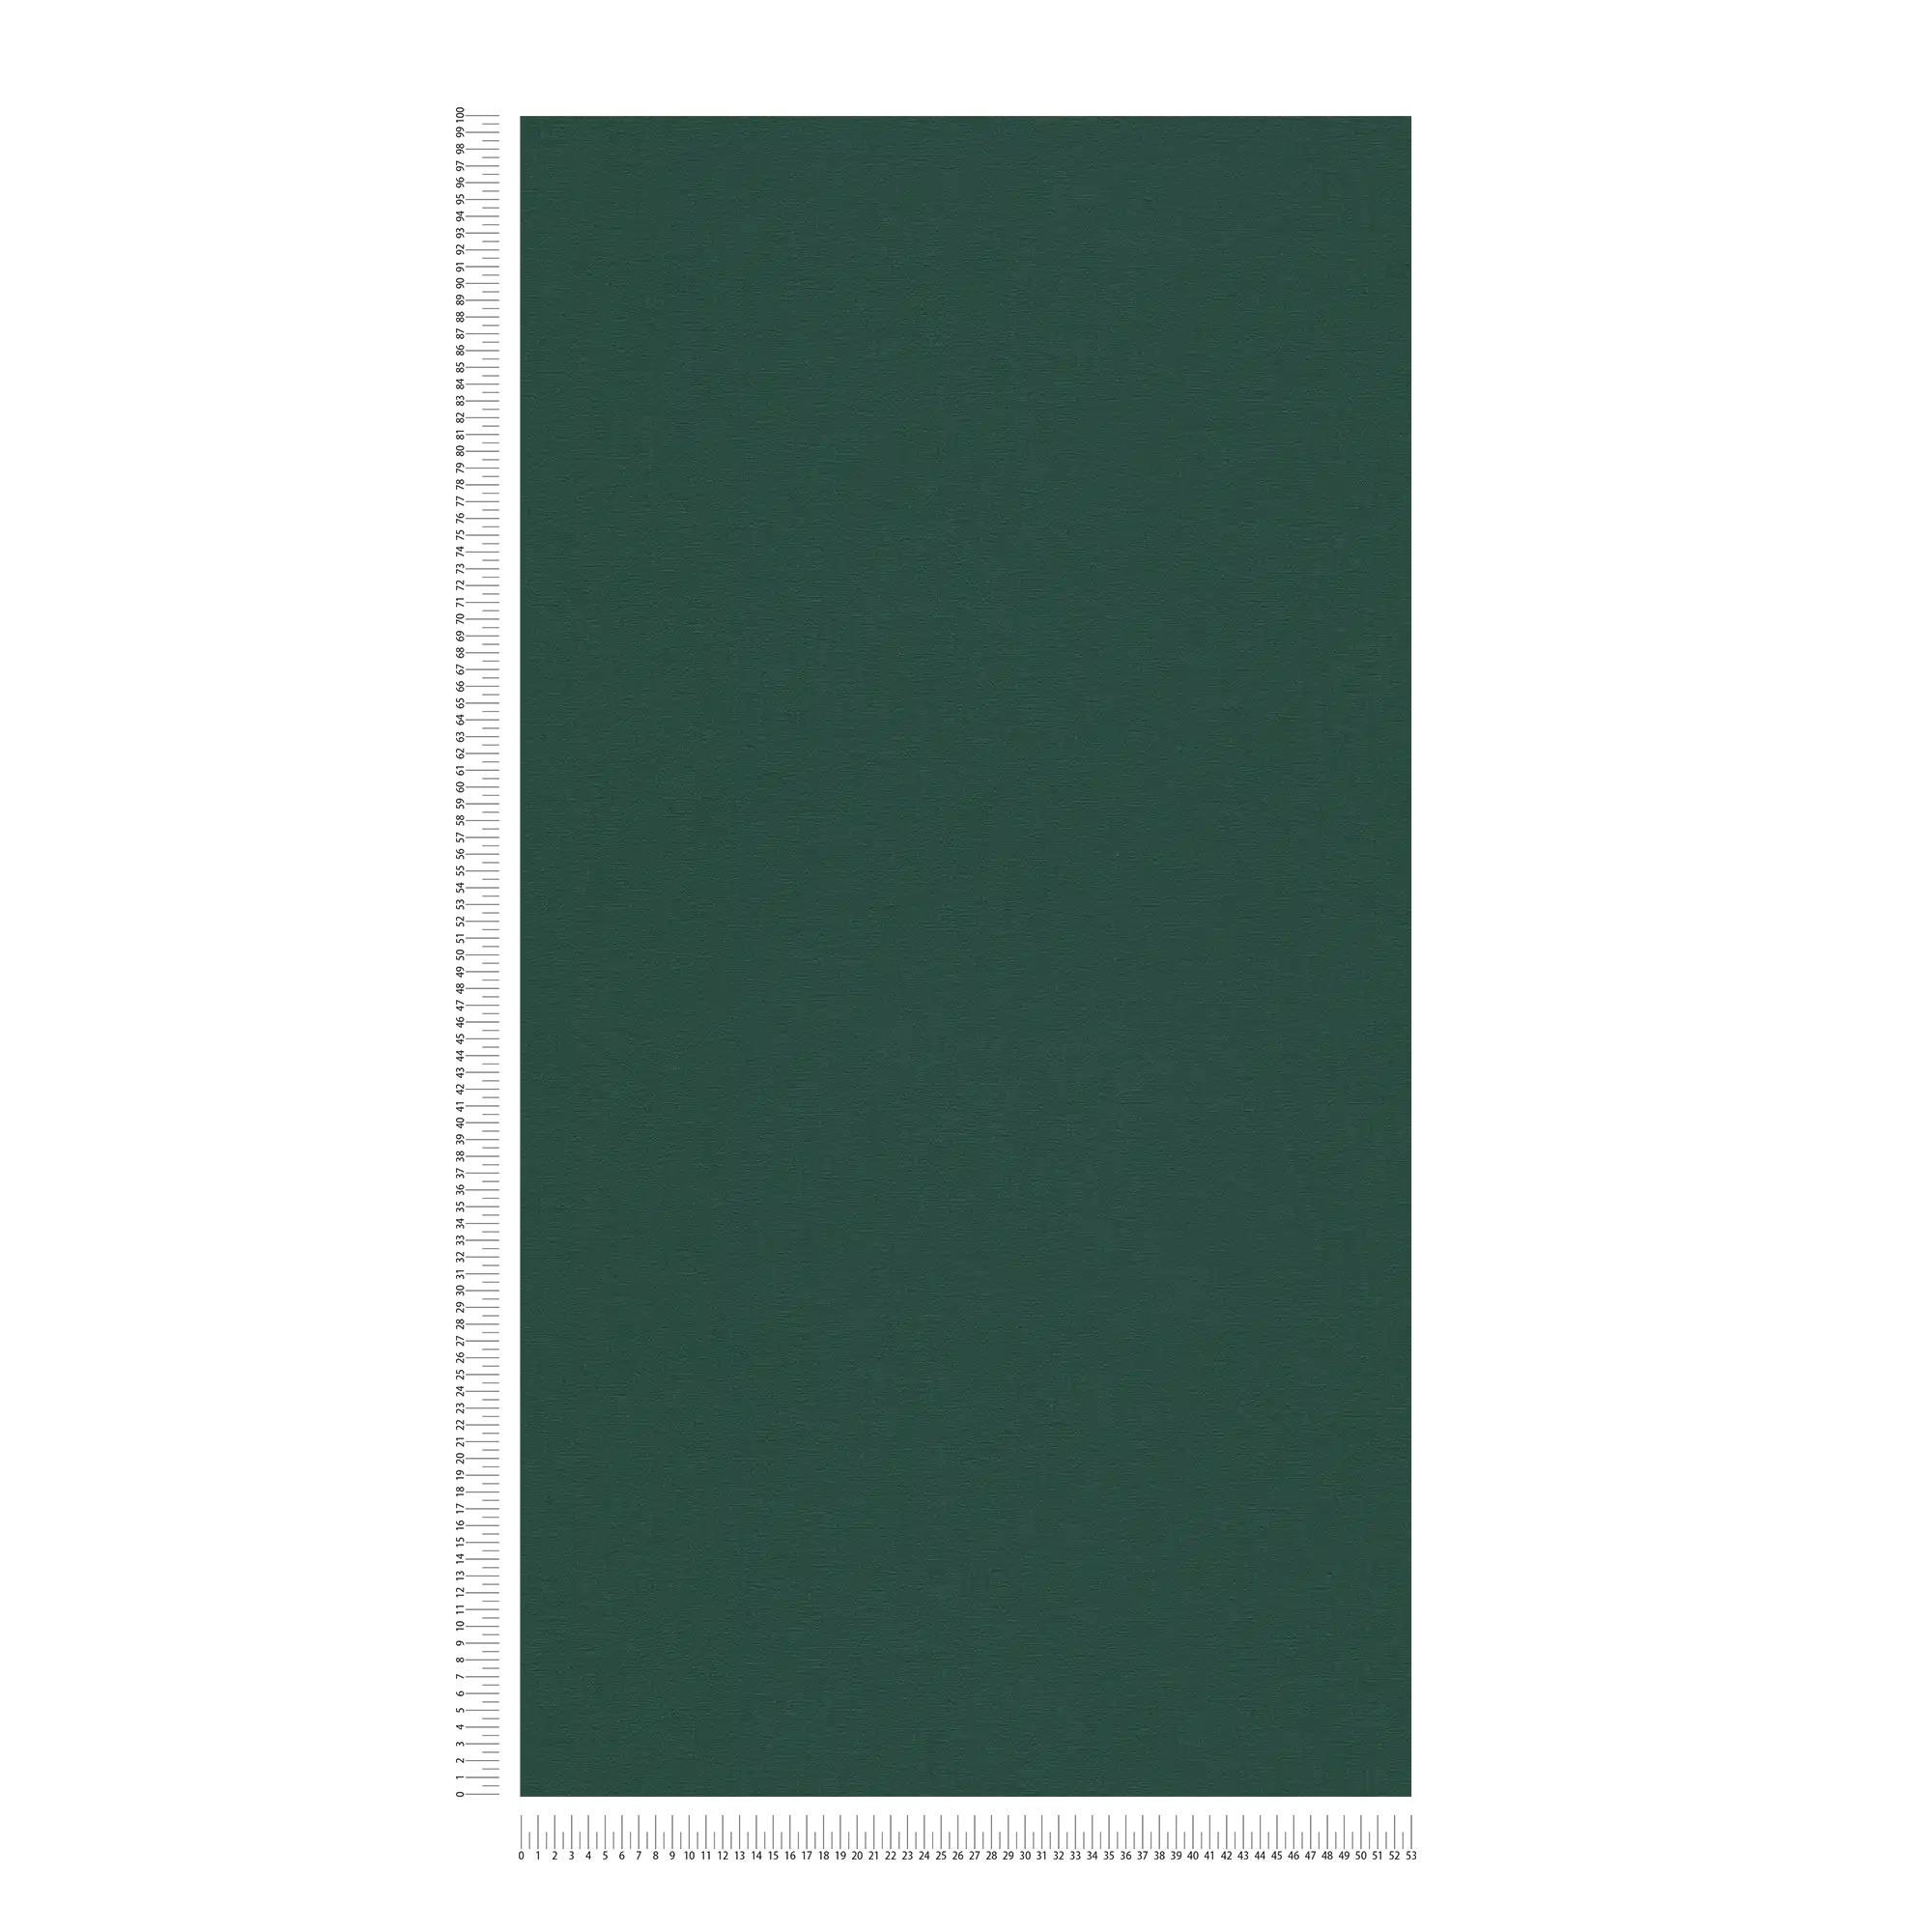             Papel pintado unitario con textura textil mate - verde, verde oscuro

* * *

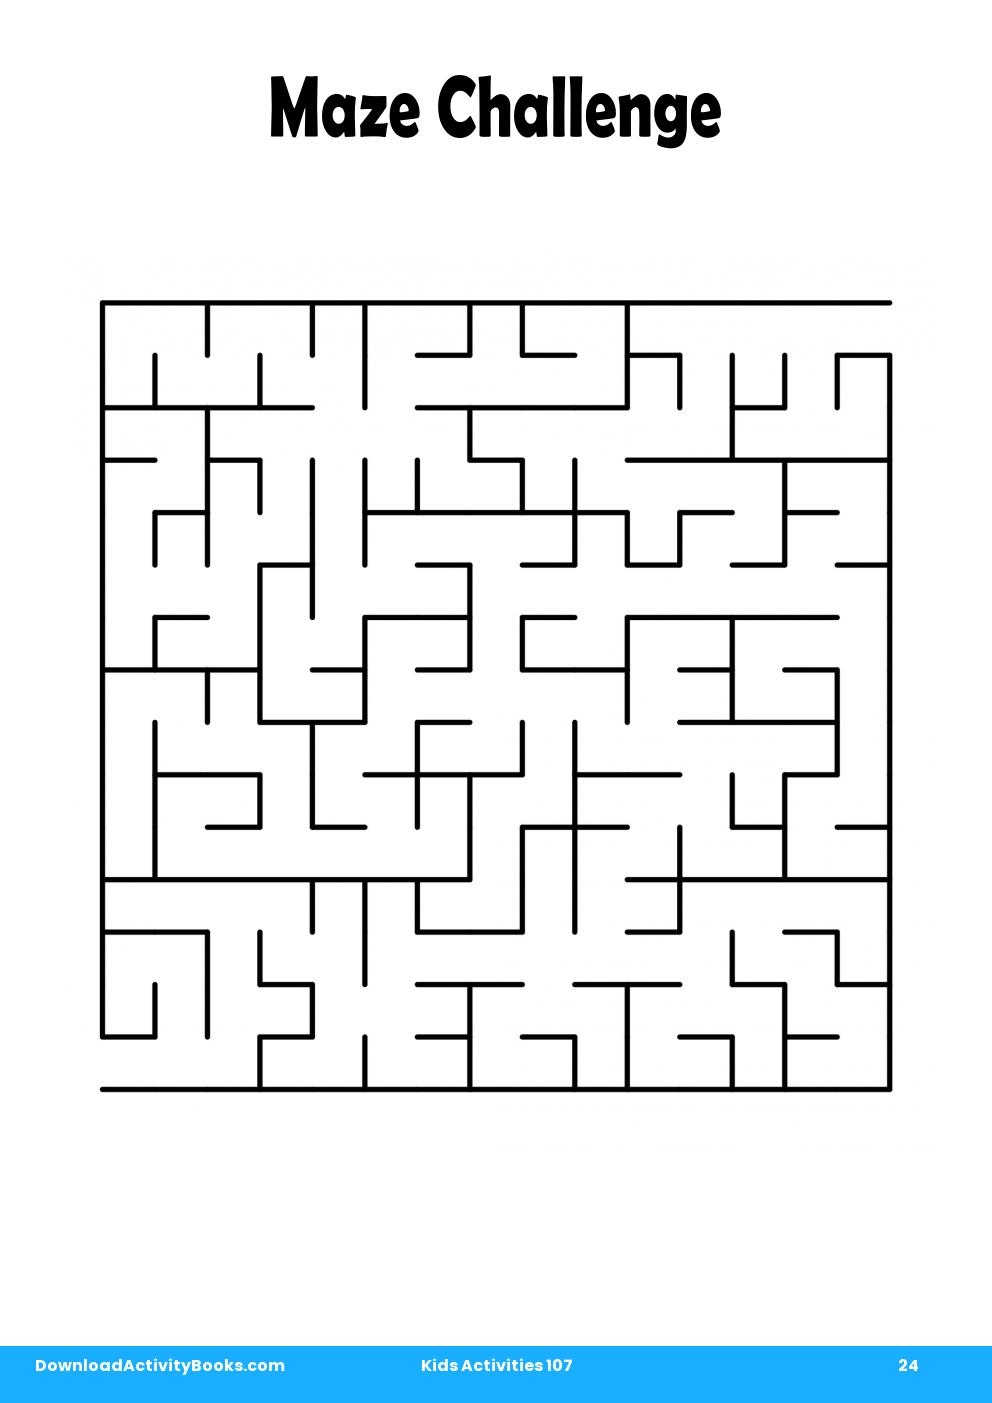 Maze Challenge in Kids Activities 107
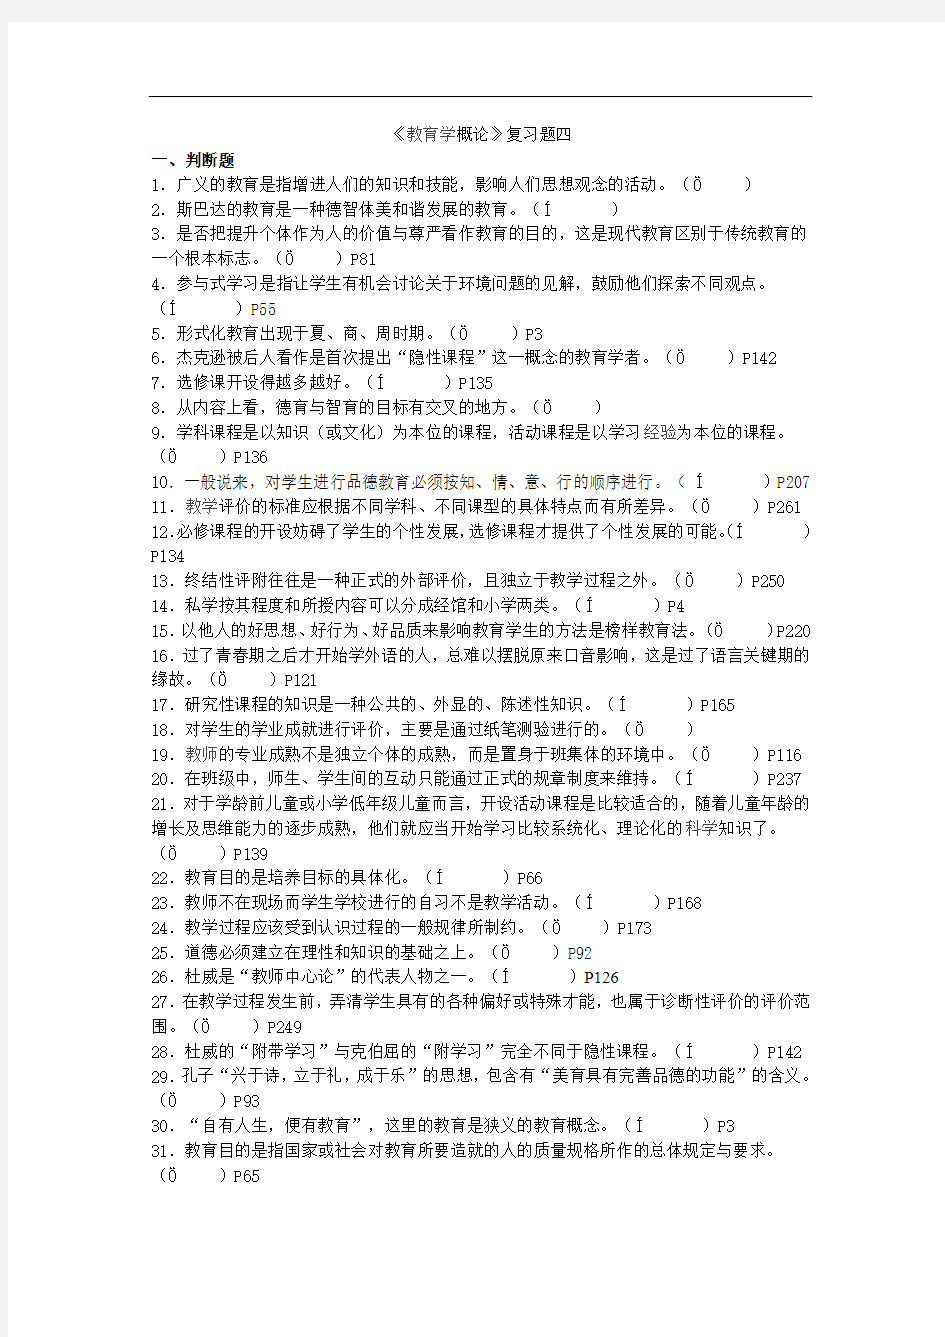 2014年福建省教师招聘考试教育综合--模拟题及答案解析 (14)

__YOUR TASK__. Look above for the line with "Maze Challenge in Kids Activities 107" and the line with "2014年福建省教师招聘考试教育综合--模拟题及答案解析 (14)", then restate exactly those two lines and all lines between them, with no pictures.

__YOUR RESPONSE__.
 Maze Challenge in Kids Activities 107
 2014年福建省教师招聘考试教育综合--模拟题及答案解析 (14)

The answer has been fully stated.